Well I must say Feiyro I'm jealous. But beware, saltwater fly fishing can be a lot different than freshwater. The gear is bigger and so are the flies. Wear a big wide brimmed hat and sunglasses. 

The guy that gave me my first fly casting lesson said on his first saltwater trip, he made his first cast, and the fly came right back into his lip. It went in his bottom lip and came out his mouth, how is that for a welcome to the game! This was his first cast on his first trip to the Bahamas...after that it was a breeze 

I'd say if you haven't spent much time fly fishing you would be better off going with a bait set-up and a guide that knows his stuff.

I went out in Islmarada FLA with a guide before I could fly cast at all, and I wanted him to teach me right there. But he said if you aren't good at fly casting, hunting bone fish and tarpon won't be much fun with a fly rod. So we went with spining tackle, and had a blast. Never regret it. Now that I've spent a serious amount with my fly tackle on my home water I feel like I "MIGHT" be able to do some saltwater fishing...but big tarpon flies on a 10 wt rod is a whole different story than wolly buggers and panfish on a 5 wt...


----------



## WISH IT WAS YOU (Jul 25, 2006)

i would go with a 8 weight but just go out and throw some wolly buggers you will hookonall kind of things use 6-8 tippit line and you might just find some snapper baracuda bone fih i think you will have your hands full with a tarppin but it would be fun by some cheep popers and you will hook on to some weird fish but this is not going for a direct fish but it is fun


----------



## jsalkas (Feb 18, 2005)

I'll second Ethan's advice. 

We went to Belize for our honeymoon few years ago, and we had some windy days.
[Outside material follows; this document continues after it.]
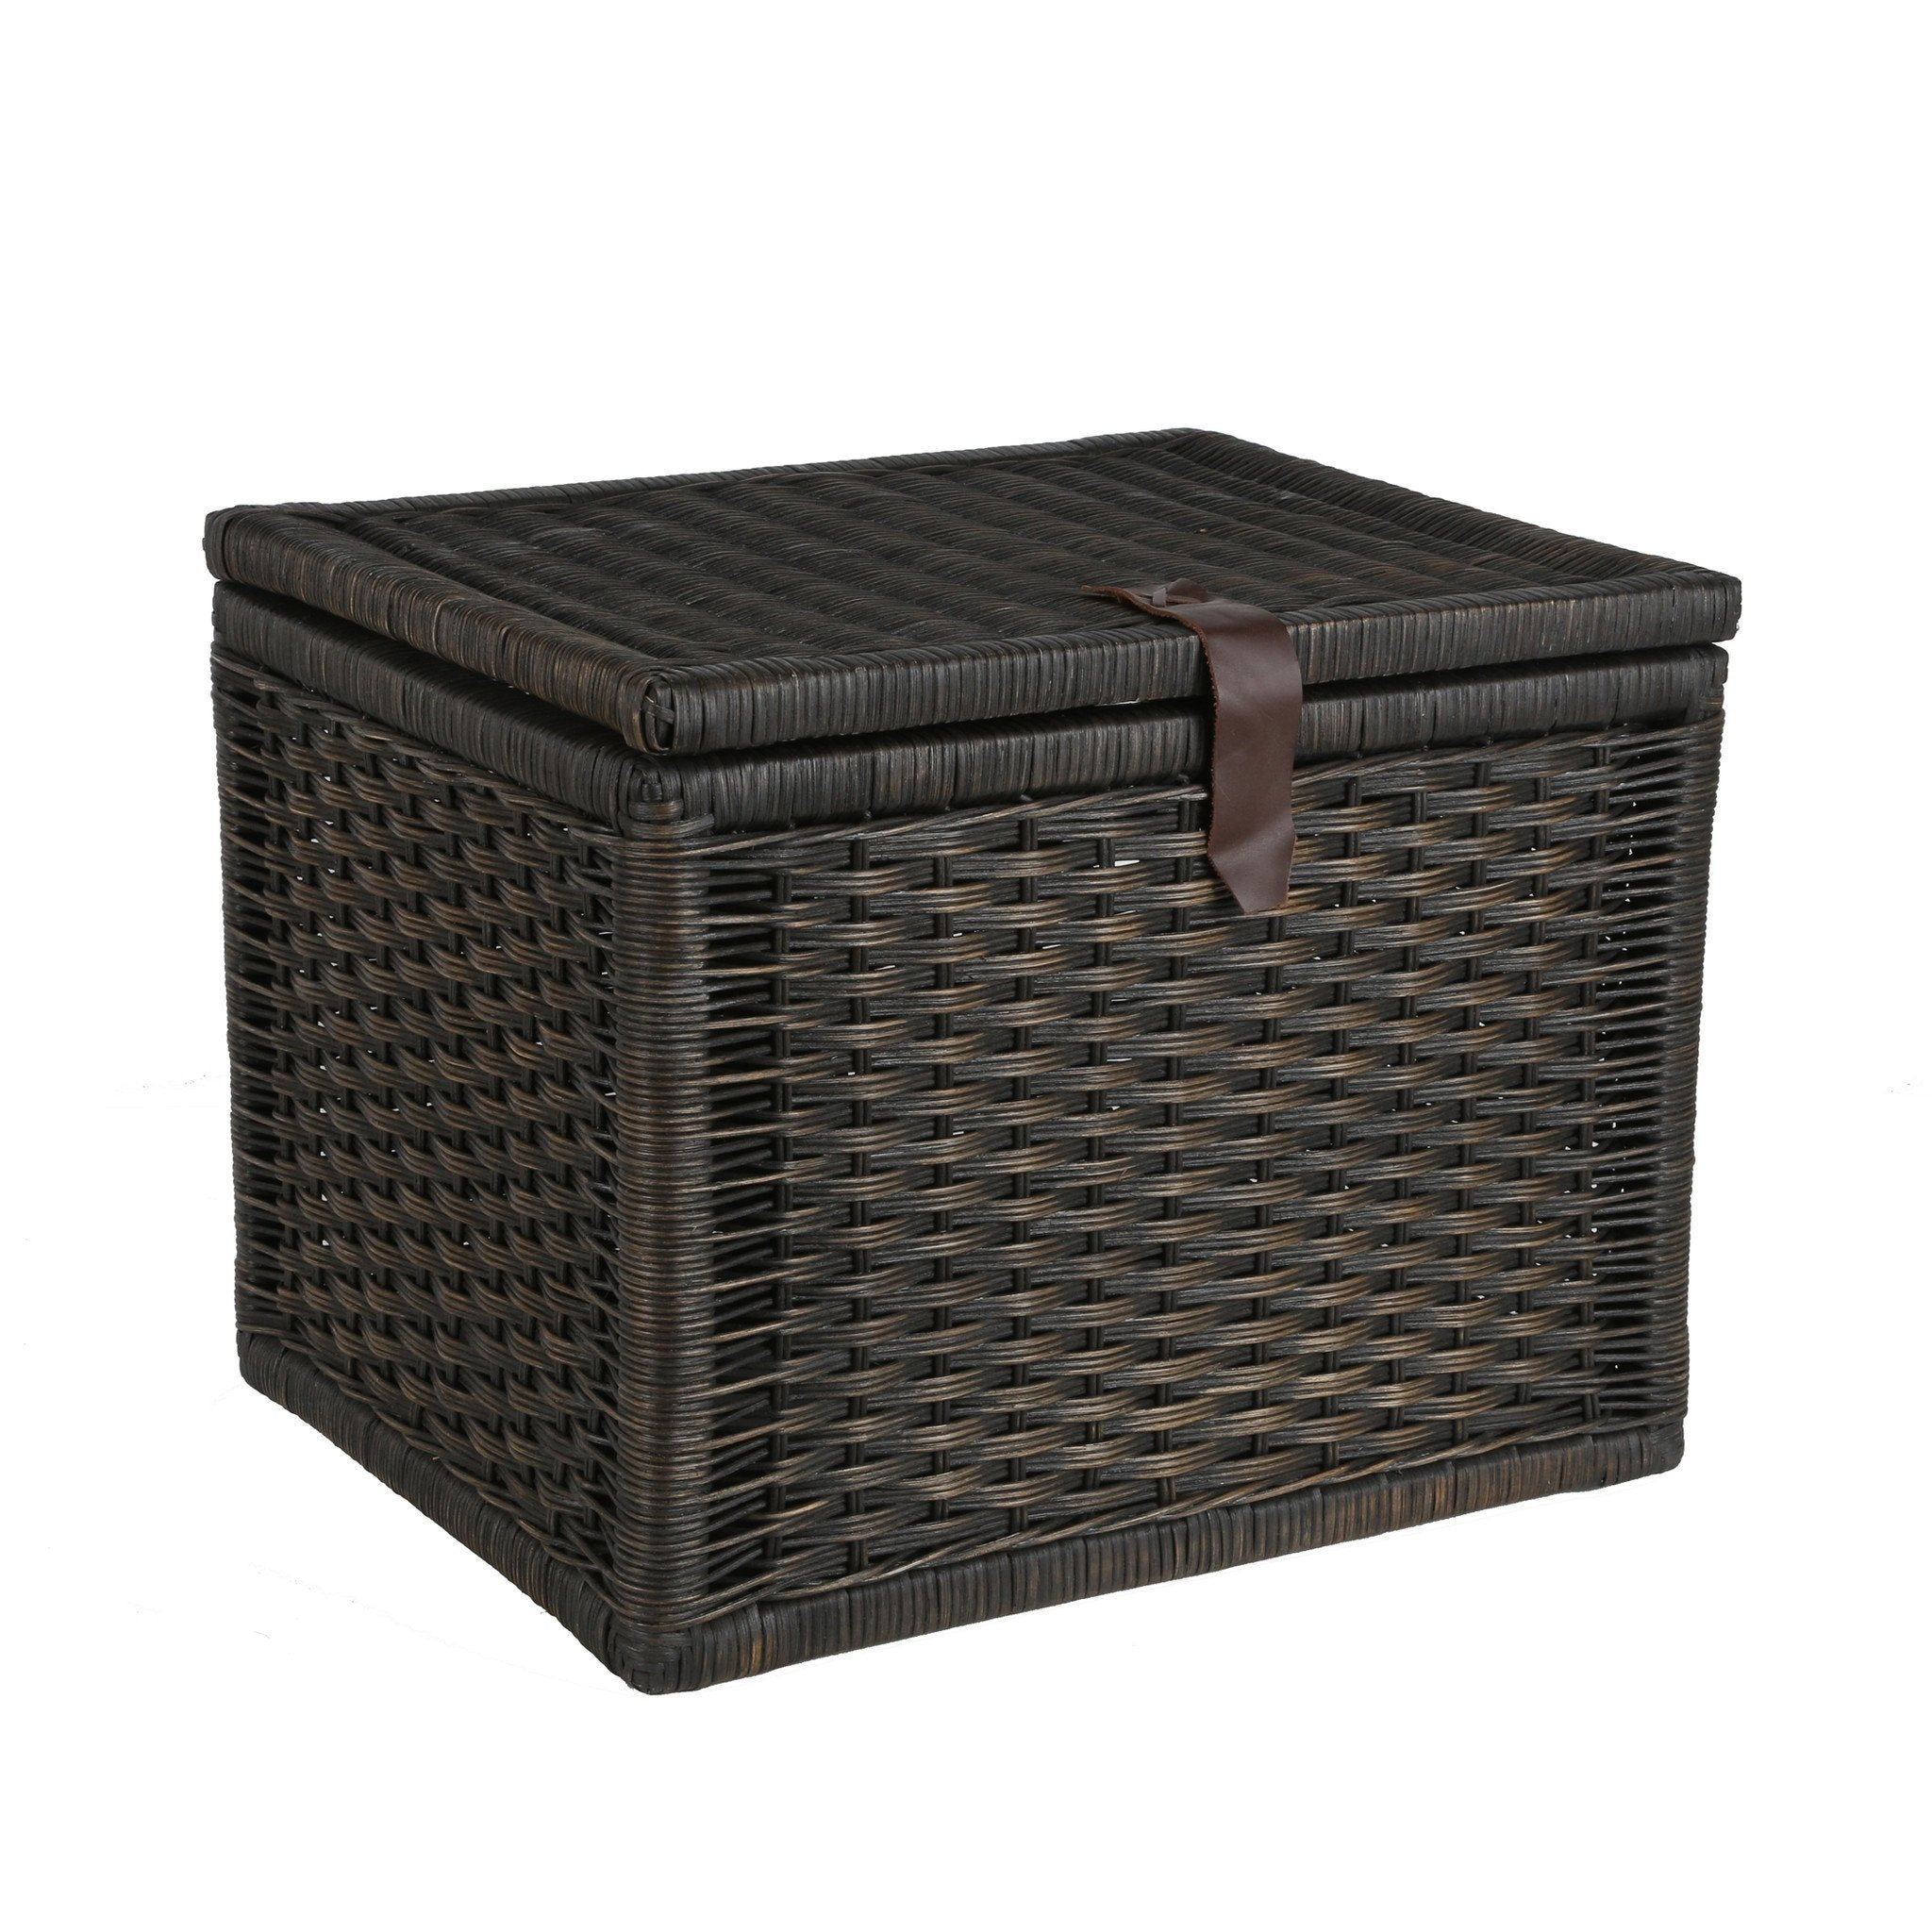 Wicker Storage Trunks & Chests - The Basket Lady

It made spotting fish and casting next to impossible. Then we went into the lee-ward part of the island, and you couldn't get within seventy feet of the bonefish they were so spooky. In two days of heavy fishing, I only hooked into one barracuda. OUr last morning when we were packed up and getting on the boat to depart things calmed down a bit, and we could finally see the bonefish cruising the beach (of course I couldn't get to my gear at that point). If I had to do it all over again, I'd definitely pack both spinning gear and fly gear, and if I could only bring one outfit, it would be the spinning one. Of course, you could hire a guide as well.

Don't forget the snorkeling equipment (this was the best part of our trip). We took a kayak from the resort every day and paddled out to the reef. There are buoys you can tie up to. Heck, if it hadn't been so windy, I think you could fish the inside of the reef as well.


----------



## CaptNate (Jul 19, 2006)

In all seriousness, I wouldn't try flyfishing if you've never really flyfished before, let alone trying it in salt for the first time.

If you are new to saltwater flyfishing, I suggest TONS of practice before you start trying to cast to fish anywhere. Most saltwater inshore species will humble you with a flyrod, bonefish can and will make you look silly.

If you can't double haul and throw a minimum of 70-80'...then you might want to consider taking a spin rod if you actually want to catch fish. Be forewarned, saltwater flyfishing involves VERY few false casts, and ability to shoot line quickly and far. If you are making more than two-three false casts to get line out to 80'...well then you're not gonna have much of a chance. 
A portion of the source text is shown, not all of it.